Basic to intermediate communication skills could theoretically be taught in the time available but then we have the other education system problem of testing and assessment. Educationalists are not going to be happy with just being able to say that 80% of students leave the system able to have a "reasonable conversation" and leave it at that, far easier to test them on predetermined content and their abilities to do things with grammar that might even baffle a native speaker. A bit like teaching students to strip down, clean and re-assemble a saxophone, with little to no ability to play the thing (easy to grade though).

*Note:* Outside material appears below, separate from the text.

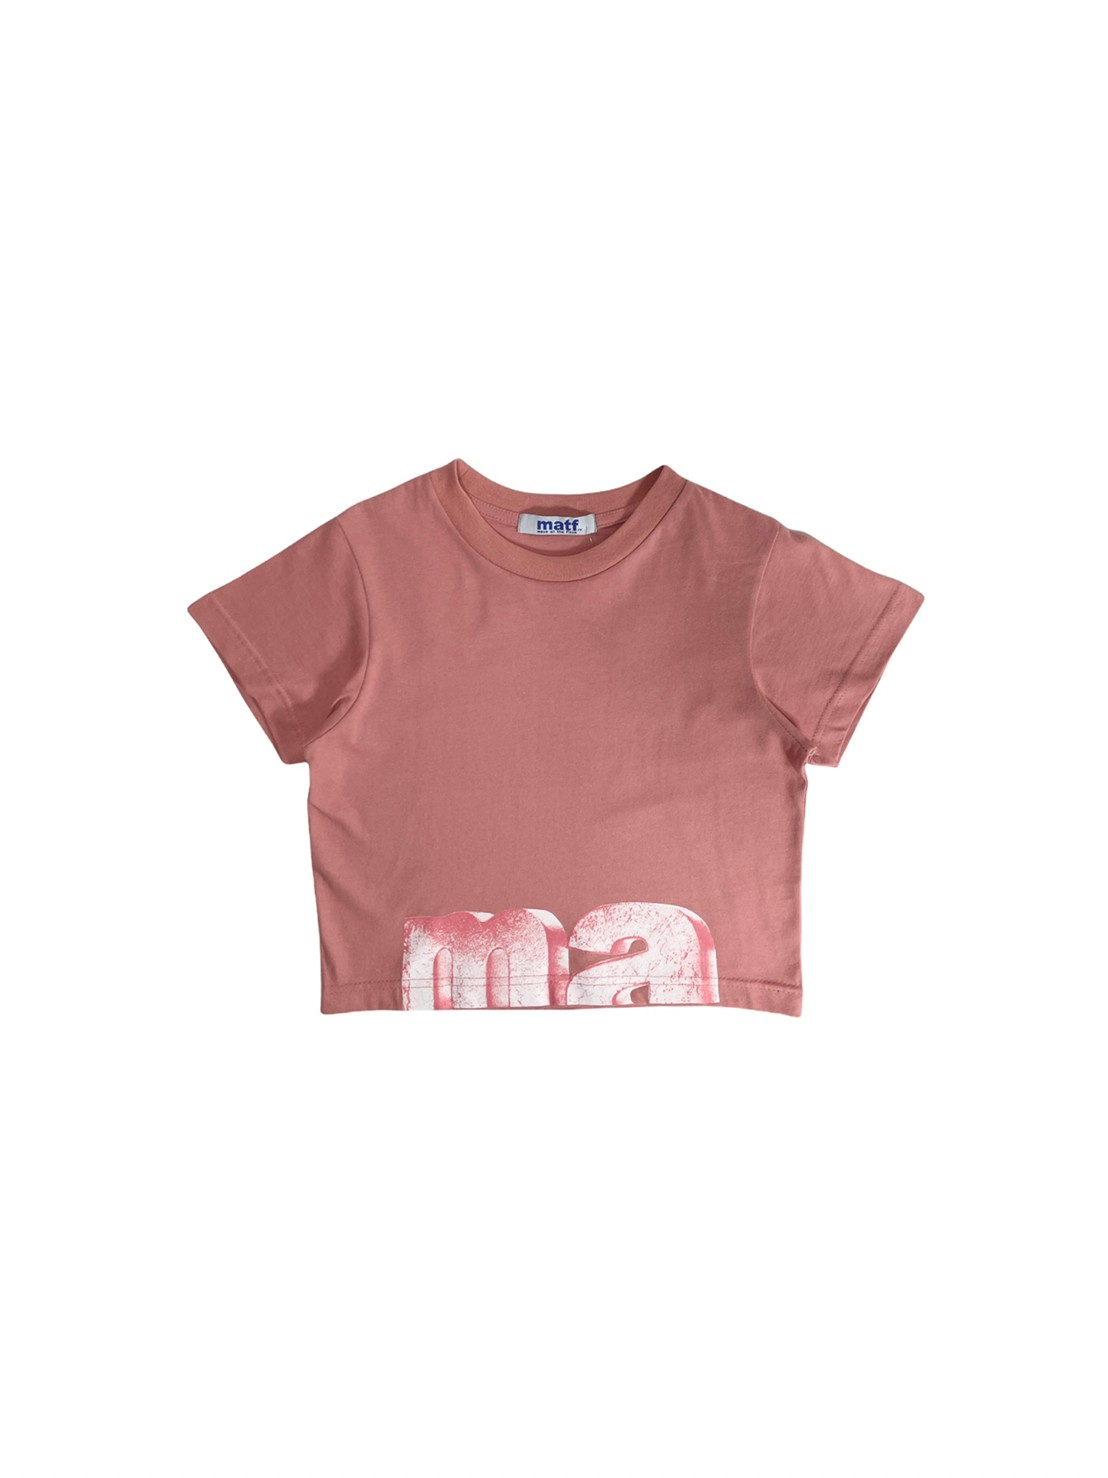 Matf *shift* crop top t-shirt (rose pink)

The whole thing needs to be turned on it's head, we need to review what we expect from language education, maybe not even call French lessons by that name, just call it "Language Education". Change the focus and the expectation, French lessons are now the thing that you do extra (like guitar lessons and playing for the soccer team) you won't get good unless you put the time in.


Summary

Most adults would not expect to attend a saxophone class for a couple of hours a week, do an hour or so homework on it a week and get any good at playing saxophone this side of the next ten years (especially if they have no previous musical experience to build on. Yet countless people regularly take on classes in a foreign language on this premise.

Is it bonkers or am I? comments gratefully received.